The interesting thing about news sites on the Internet is how interactive they are. Before, people sent in letters to the editor if they wanted to comment on an article or pick a fight with a reporter, which took some time; now, most of them have social media plugins, and people can share them or pick a fight with the reporter in real time 😛 From reading the comments, I saw that most of them, barring the ones written by obvious trolls, fell into one of three camps (if you’ll excuse the word):

  1. The “Proud to be Pinoy” and their supporters
  2. Negative commenters
  3. People who don’t quite know what’s going on

“Proud to be Pinoy” commenters are Filipinos (“Pinoy” is a slang term which we use to call ourselves) who are obviously very proud of their men and women in uniform, with just cause. Reports say that among those peacekeepers were members of the Scout Rangers of the Army’s Special Operations Command, elite and experienced troops who have probably fought against insurgents at home, though I’m not sure how reliable those reports are. Also, seven hours may seem relatively short, but I’m sure it’s a long seven hours when you’re under fire and certain death is whizzing past you.

They commonly cite a quote attributed to General Douglas MacArthur: “Give me ten thousand Filipino soldiers and I will conquer the world,” or bash President Obama (I’m not sure why) or General Singha, who must have been a lot of pressure at the height of the standoff– we won’t know for sure now, but some scenarios paint a dire picture and more lives put at risk.

And about General Singha, some are even insinuating that he’s working for the rebels from inside the UN, pointing out that he’s a Muslim (I’m not sure if he is, but many Sikhs apparently are). For me, it shows a sort of latent anti-Muslim tendency in my countrymen, maybe a sad holdover from colonial times when most of the country was Catholic while the Muslims in Mindanao held out and refused to fall in line. The stereotype is that Muslims are terrorists or purveyors of pirated DVD’s, and Indians (whom Filipinos refer to as “Bumbay” from “Bombay”) are usurious money-lenders. I’m a Catholic myself, and I think such talk does nothing useful. Christ is the Prince of Peace.

Some of these commenters seem to go overboard, though, to which I say: Guys, I’m proud of what our gallant Filipino peacekeepers have accomplished and I love my dear country, too, but we’ve got a lot of conflict already. I don’t think we need more. 😀

Negative commenters are mostly calling for the Philippine government to bring the troops back home, which is understandable. Gen. Singha commanding the peacekeepers to surrender their arms and raise a white flag was seen as him sacrificing the Filipinos to save the Fijians, which might be a little unfair; I think he owes everyone an explanation. In any case, they’ll probably get their wish, because after their tour of duty ends in October, the Philippines has indicated that it doesn’t want to send more peacekeepers to that part of the world.
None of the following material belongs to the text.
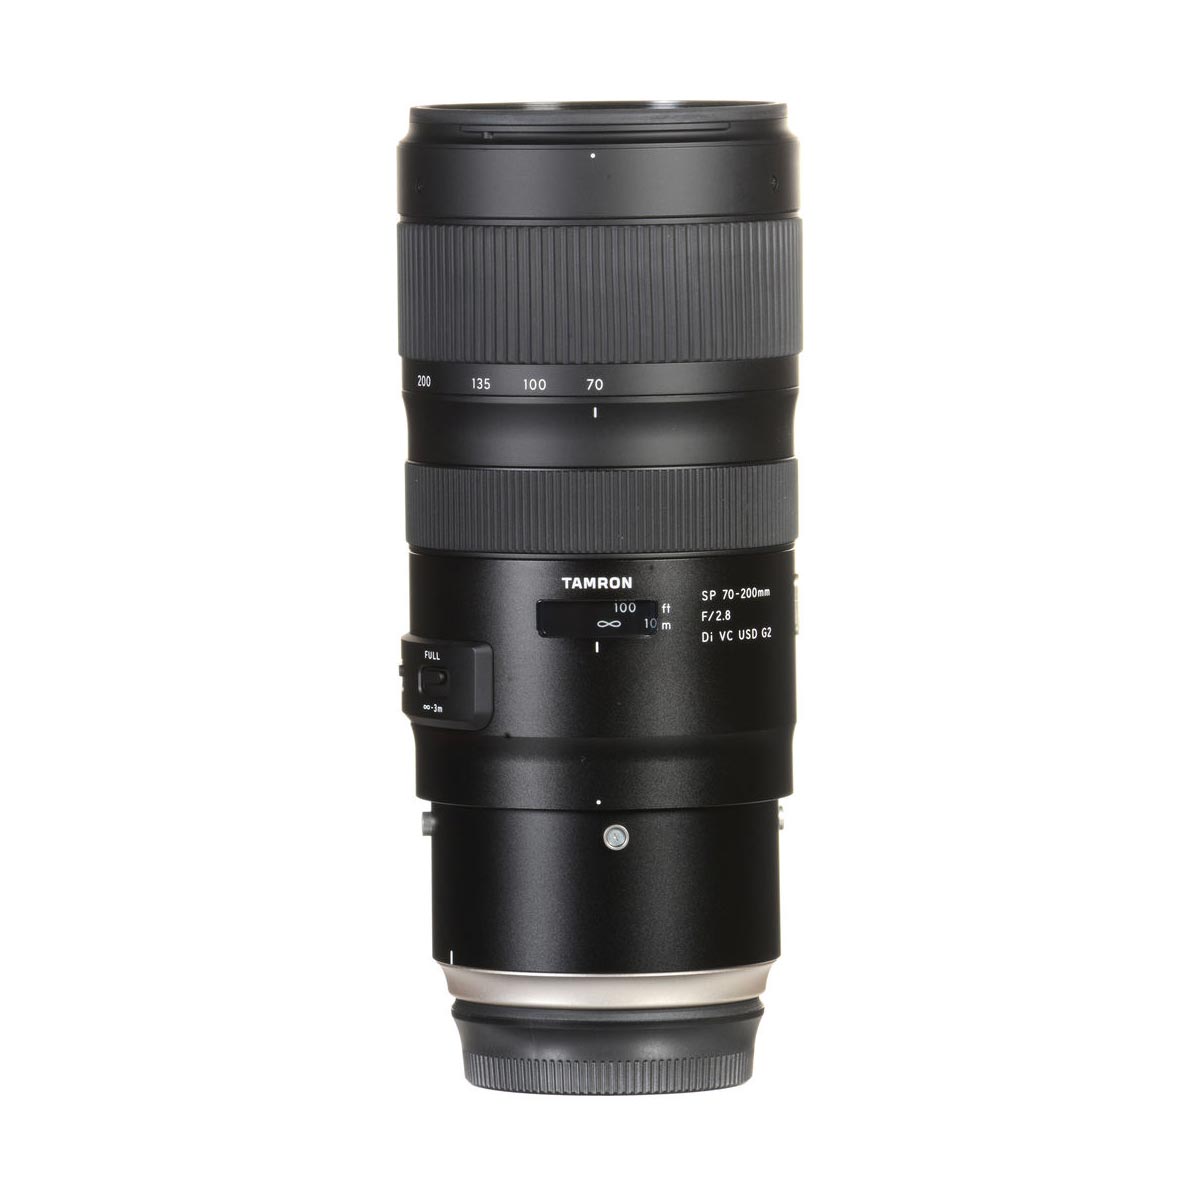 Tamron SP 70-200mm f2.8 DI VC USD G2 Lens for Canon EF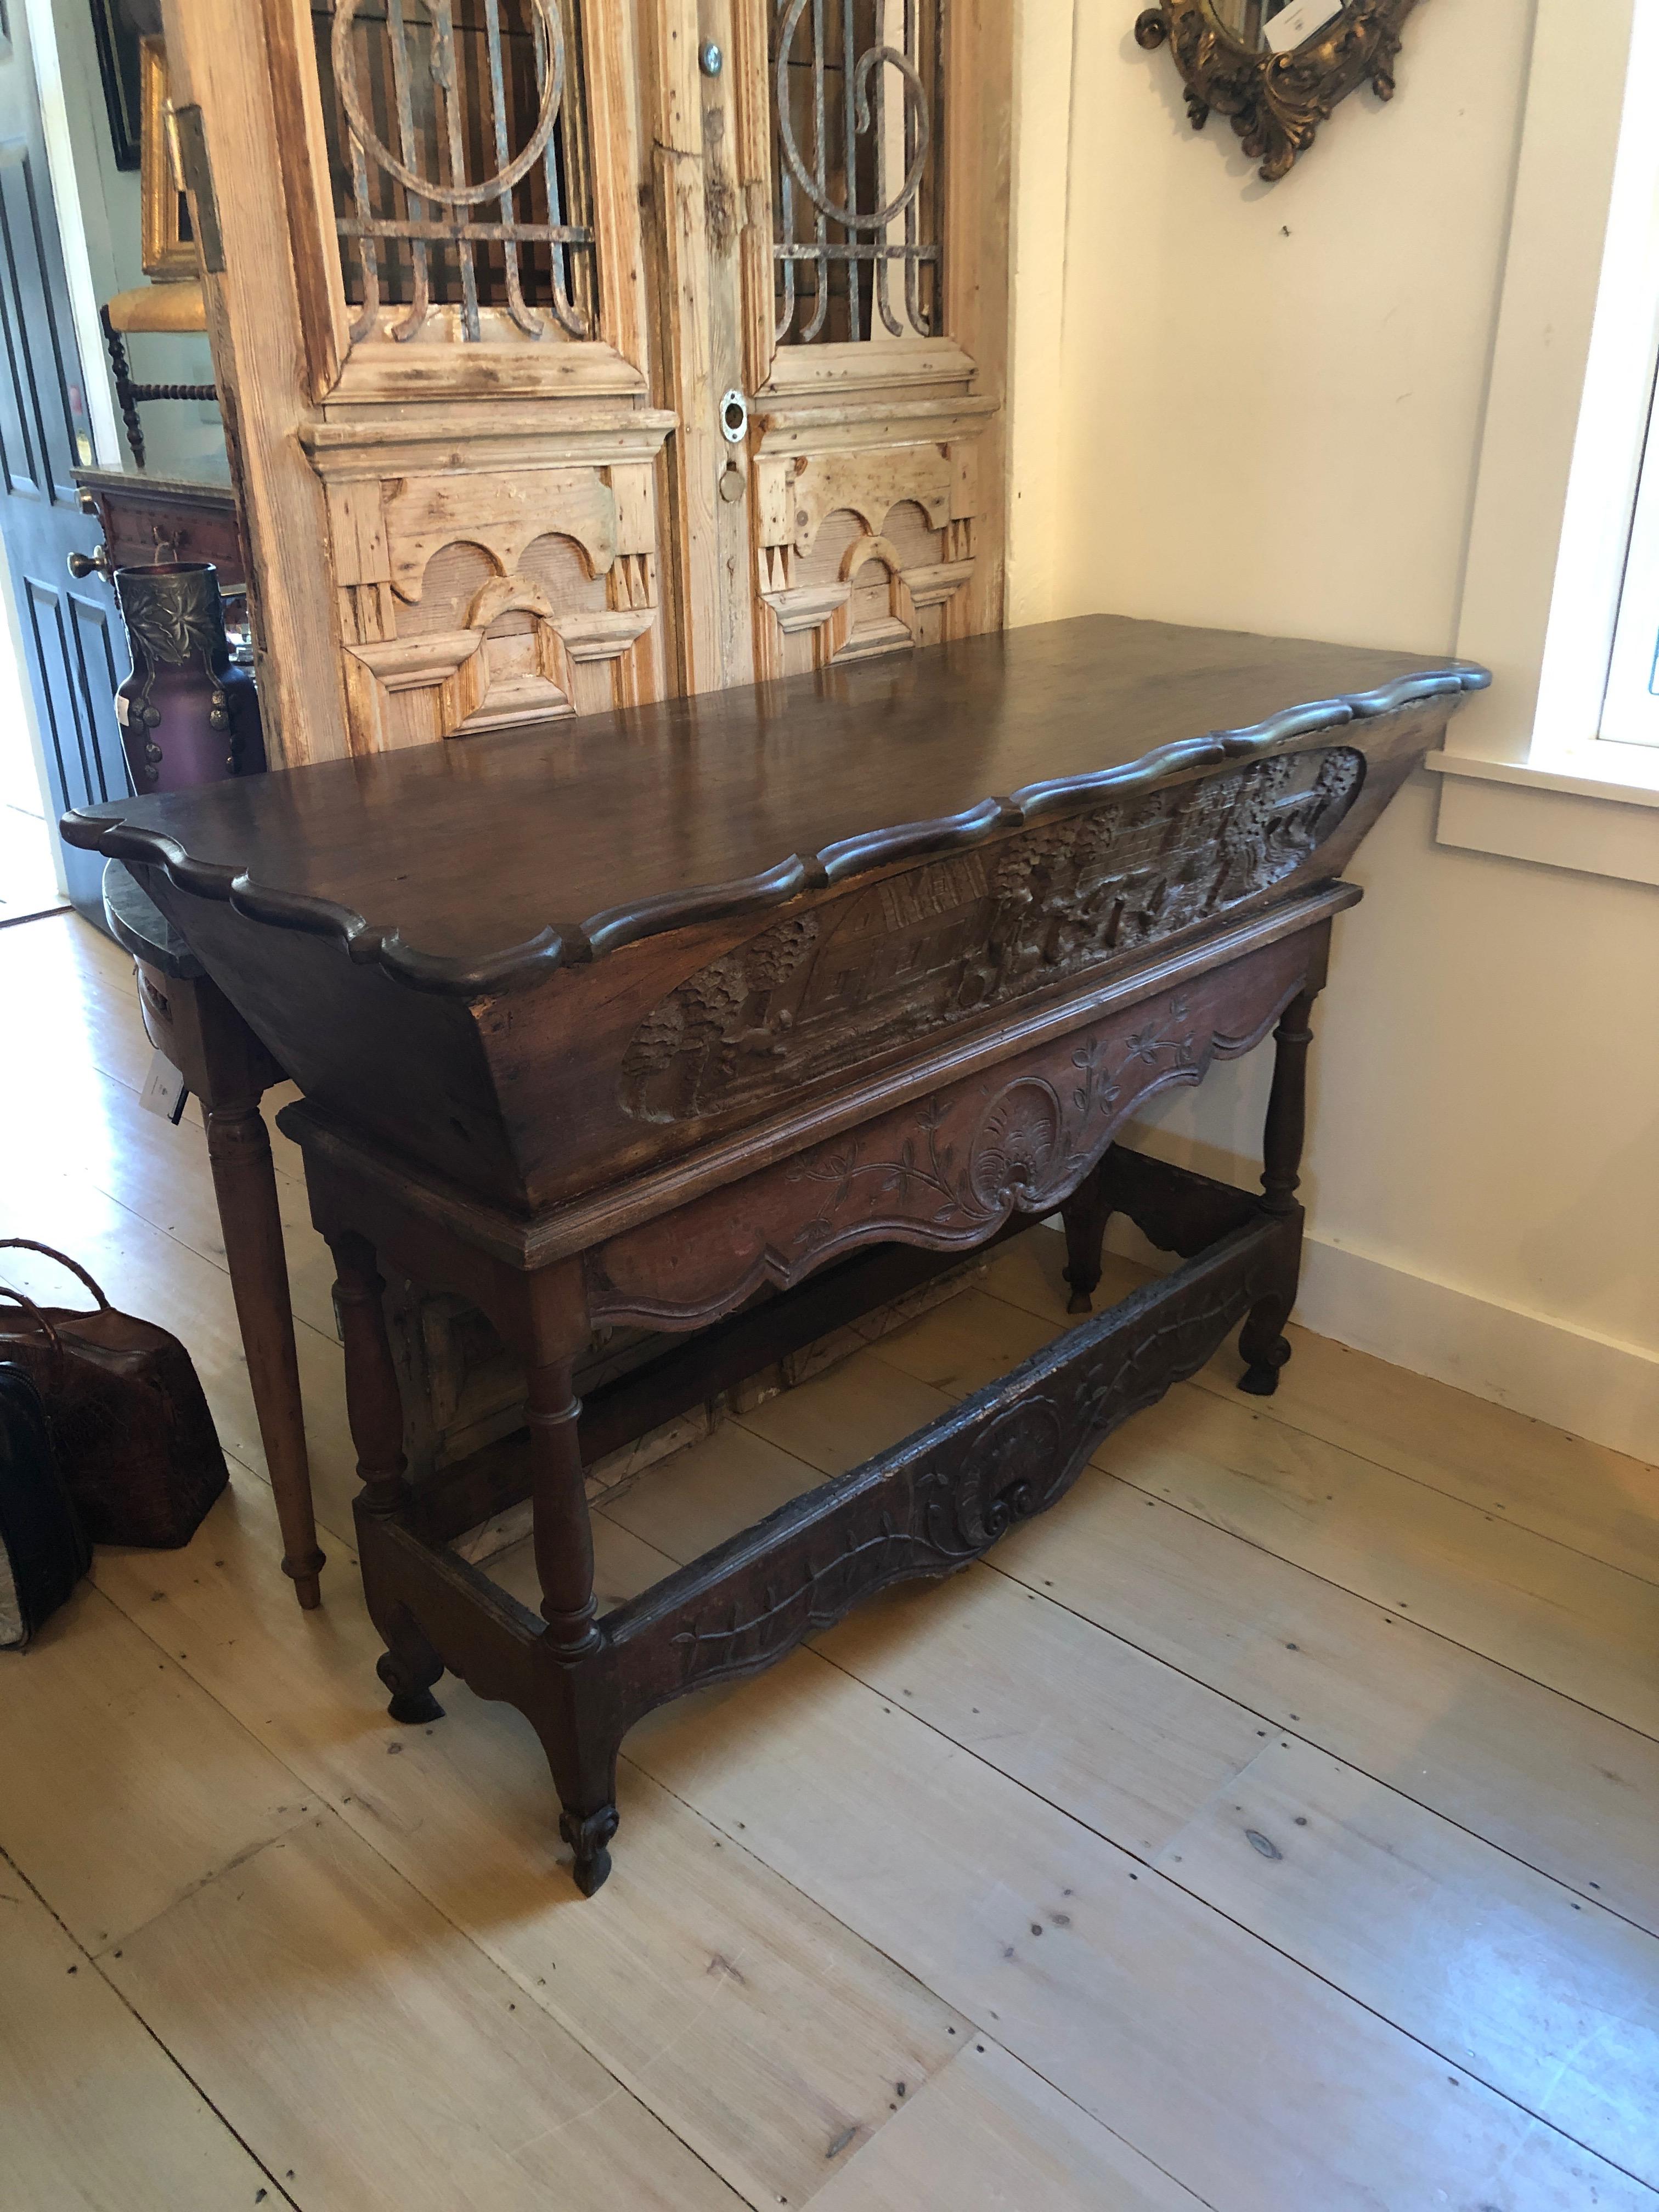 A gorgeous old Pelesia, Petrin or baker's bread table having wonderful hand carvings of figures, a town and decorative shapes with a removable top that reveals an interior storage chamber for bread. Makes a charming and rare console.

They also cite the fact that up to now, the problems of the decades-long Communist insurgency and the Islamist separatists in the south– some of whom have allegedly pledged allegiance to the Islamic State– haven’t been completely resolved yet, and that China seems to be threatening the country.

Another common theme is that the peacekeepers “ran away with their tails between their legs”– which is unfair to them. They nailed the colors to the mast and held out until they found a way to escape; it wasn’t really their job to fight and defeat the besiegers. They fought and survived together, and God willing, they’ll all come safely home for their hero’s welcome.

The ones who don’t quite know what’s going on include Filipinos who, well, don’t really know why the peacekeepers were there. It’s rather sad, since the peacekeepers are there doing an important job– keeping the peace. And they deserve some recognition for what they’re doing.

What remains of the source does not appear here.